Friday 19 June 2015

The gabion monument for Harriet Baker

A wall of trees hides a ridge punctuated by two arches, the tunnels in the Pacific Motorway at Duranbah. The tunnels are buttressed by gabions. 

This ridge edges the property where Harriet Eliza Baker died on 6 September 1901, long before her mother Letitia Halligan (in 1934) and father Nicholas John Jones (in 1918). She was 35 years old.

Pacific Motorway, Duranbah 15 May 15

Harriet Jones was a 19th Century baby - the eldest of 15 children. Born at South Arm, Grafton on 30 June 1866, she was visiting her grandmother Mary Hines (nee Halligan) at Duranbah where she met Thomas Baker. Thomas was almost 23, Harriet only 18. They eloped to Brisbane and married at All Saints Church on 2 April 1884 but returned to the Tweed River to settle at the Cudgen-Duranbah crossroads, where her father-in-law James Baker held property.

Tweed Regional Museum, https://ehive.com/account/5051/object/515716
Thomas, also a Grafton native, was a timber-getter and farmer. 


In the early 20th Century, he also managed the Duranbah Post Office from his home with the assistance of his daughters. [Source: State Records, NSW.]
 

Thomas and Harriet welcomed five daughters: Mary (Skeels), Ada (O'Loughlin), Florence (Philp), Irene (Cameron) and Ida (Campbell).

Harriet's youngest daughter, Ida Alice Maud (1894-1983), recalled herself and her sisters sitting in front of their mother on a horse. The dairy was in a steep gully and the children had to keep the crows out of 
the corn. Ida was only seven when her mother died after a three-week fight against influenza.

http://nla.gov.au/nla.news-article121379493

Duranbah has never had a cemetery. Harriet was buried near the Baker family property, surrounded by a low white picket fence. In the 1950s, the land was subsumed into a quarry. Although a search was carried out on behalf of the Tweed Shire Council, there was no substantial presence to exhume and reinter. 

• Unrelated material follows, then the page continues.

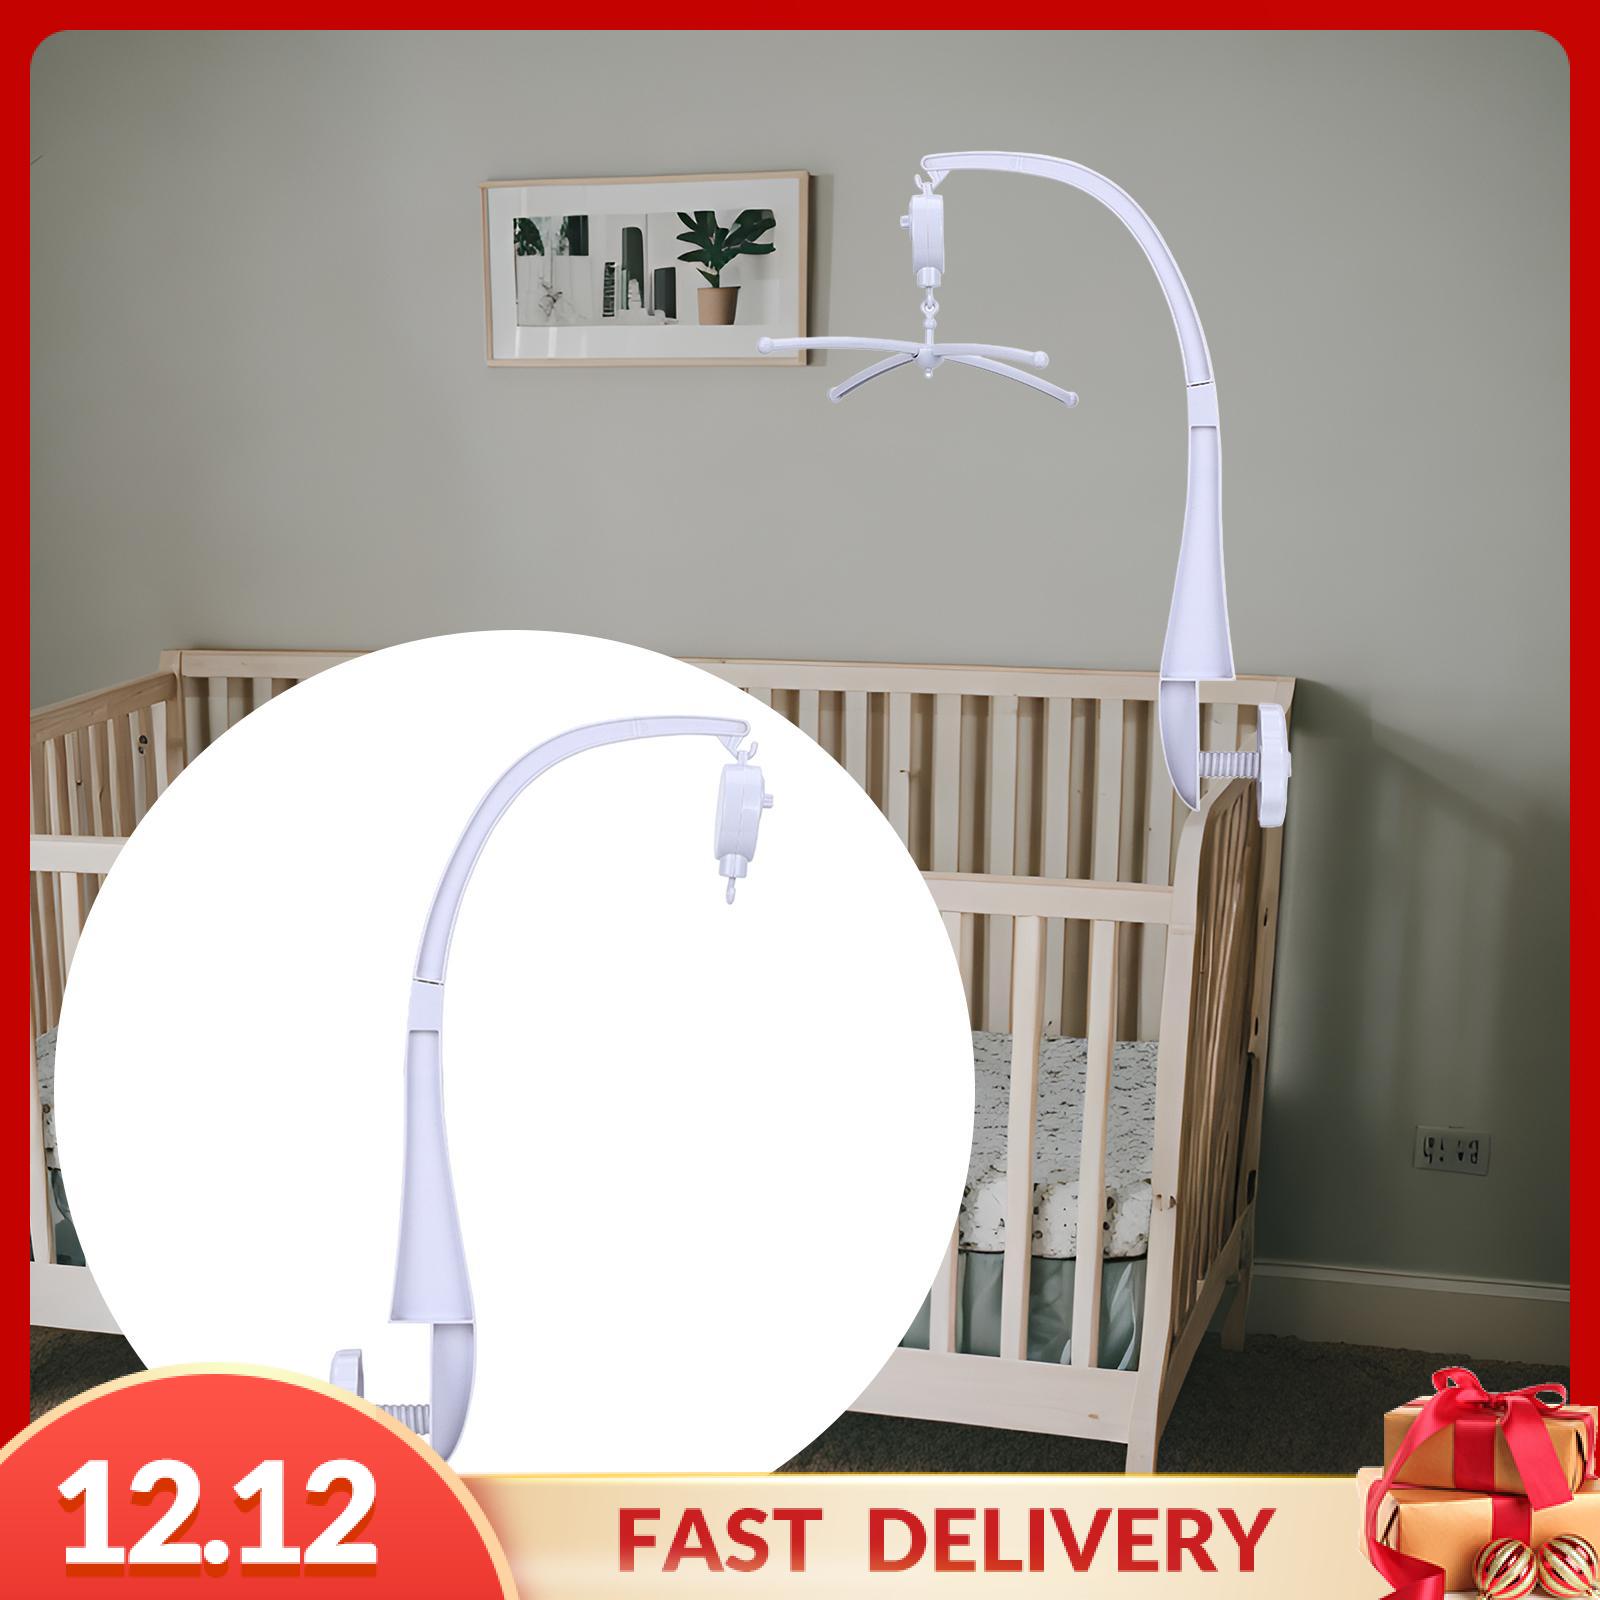 Pezhong Cot Mobiles for Babies, Baby Mobile Hanger, Cot Mobile Arm

Lone Graves Register, Tweed Heads Historical Society

In an interesting twist of fate, Harriet's father-in-law had been subjected to the same spiritual relocation. His second resting place was subsequently washed away in a Murwillumbah flood.                          
H.E.B. 5 September 1901








Her last-minute will and testament shows where her priorities lay, but no photographs or possessions of Harriet are known to exist. How difficult then to illustrate a life. 

While the monolithic Wollumbin provides the backdrop to this truncated life on the land, Harriet's gravestone will always be the gabion monument.